Consolidated Tape — Network A and Network B
The National Market System began with the Securities Act Amendments of 1975 that gave the SEC authority to effect some institutional changes so that quotes from different markets could be consolidated. One result was the consolidated tape, which began operating in June, 1975, and is composed of Network A and B.
Network A lists the best prices for NYSE-listed stocks from the NYSE, local exchanges, and the OTC market. Network B lists the best prices for AMEX-listed stocks from AMEX, the local exchanges, and the OTC market, and also stocks that are only listed on local exchanges and the OTC market.
The Consolidated Quotation System (CQS) electronically disseminates these quotes across the networks.
Intermarket Trading System (ITS)
The Intermarket Trading System (ITS) is a network that links the NYSE, the AMEX, NASDAQ, and the Boston, Chicago, National (formerly Cincinnati), Pacific and Philadelphia local exchanges, and the Chicago Board Options Exchange.
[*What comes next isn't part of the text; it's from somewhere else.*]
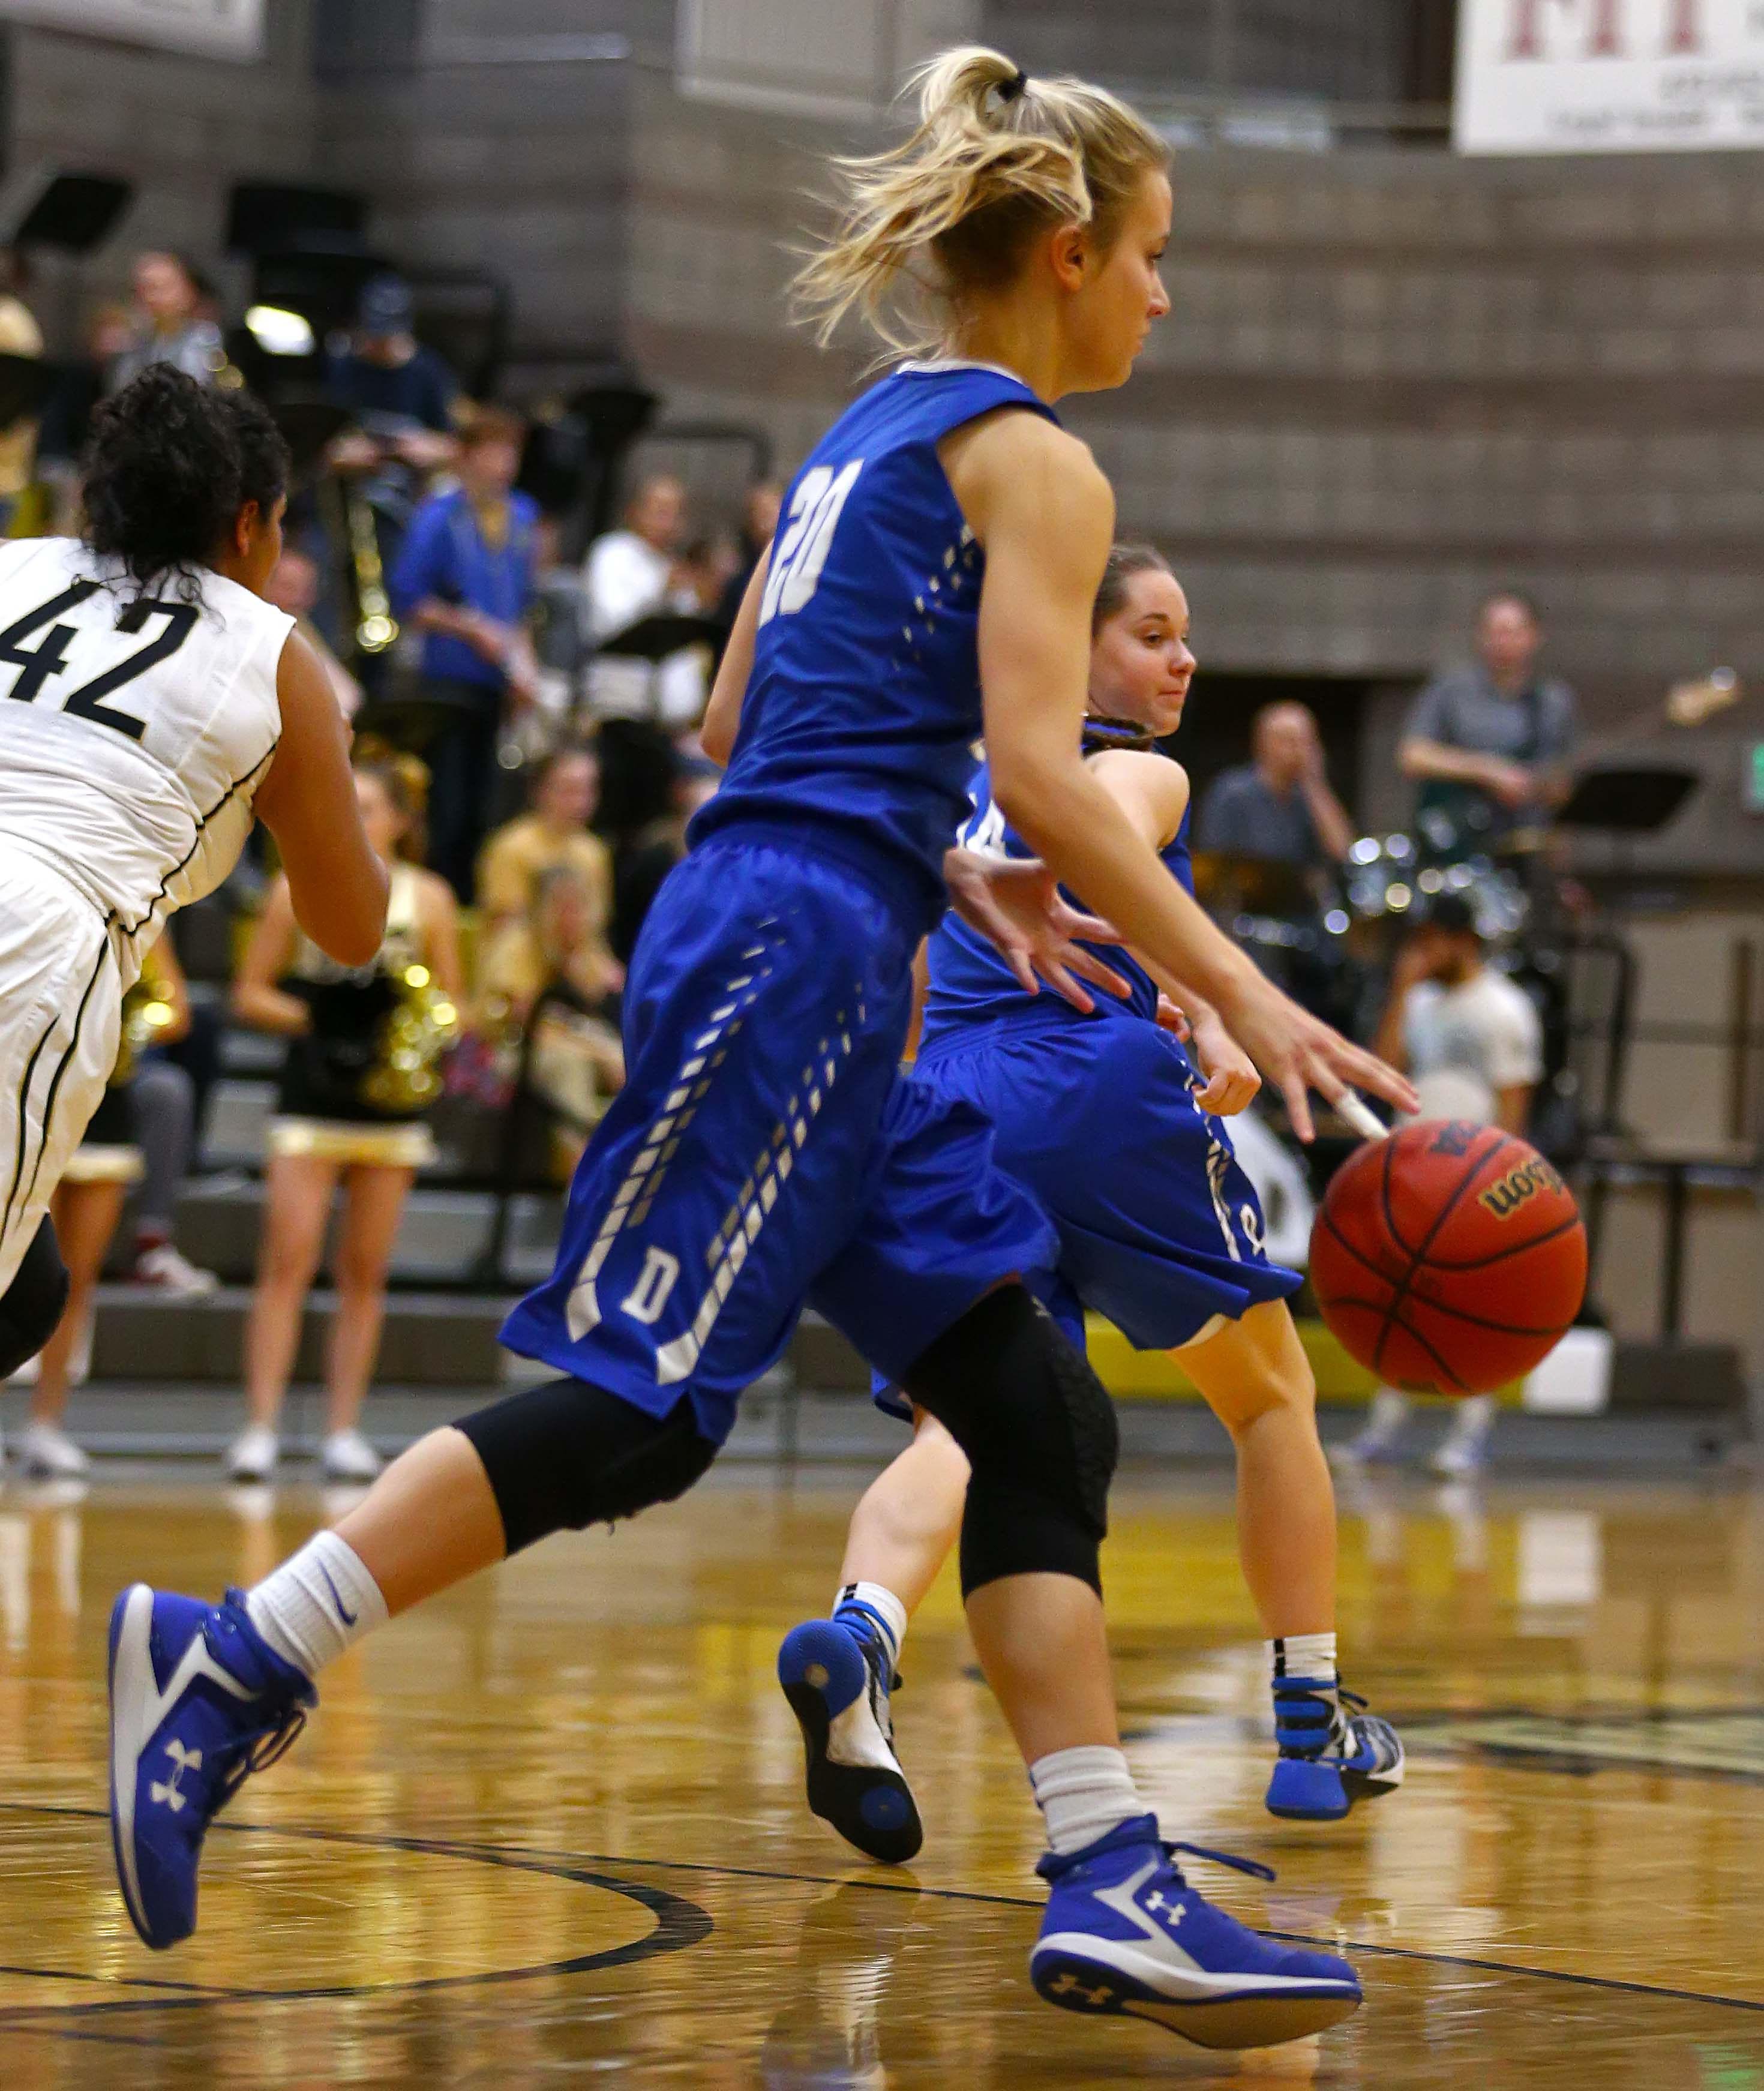 Dixie's Daisy Owens (20), Desert Hills vs. Dixie, Girls Basketball, St. George, Utah, Jan. 12, 2017, | Photo by Robert Hoppie, ASPpix.com, St. George News

This system, begun in 1978, allows market makers and brokers to transmit quotes to other exchanges for better prices for the approximately 4,500 stocks listed on multiple exchanges. Thus, if a customer for a broker who is a member of the Philadelphia Stock Exchange, sees a better price on the NYSE, the broker can route the customer's order to the NYSE, then the trade is reported on the Consolidated Quotation System.
One of the problems with the ITS is that the orders are not routed automatically to the best price, but must be sent there by a market participant. For instance, if an NYSE specialist receives an order for a stock, but sees a better price on the ITS system, then he must either send the order to that exchange, or match the price. The ITS system is also considered too slow for the NYSE.
However, a major drawback is that it does not include quotes from ECNs, which are transacting increasing numbers of shares because of their low cost.
The solution for the future is to have an electronic network that links all the markets, aggregating all orders into 1 central limit order book, where the best inside prices can be quoted. This not only gives the best prices to the customers, but will also force the exchanges to become more efficient, since the lowest cost networks will generally have the best prices. Eventually, there will be no market makers or specialists — buyers will simply buy directly from sellers, electronically, for the lowest transaction cost possible.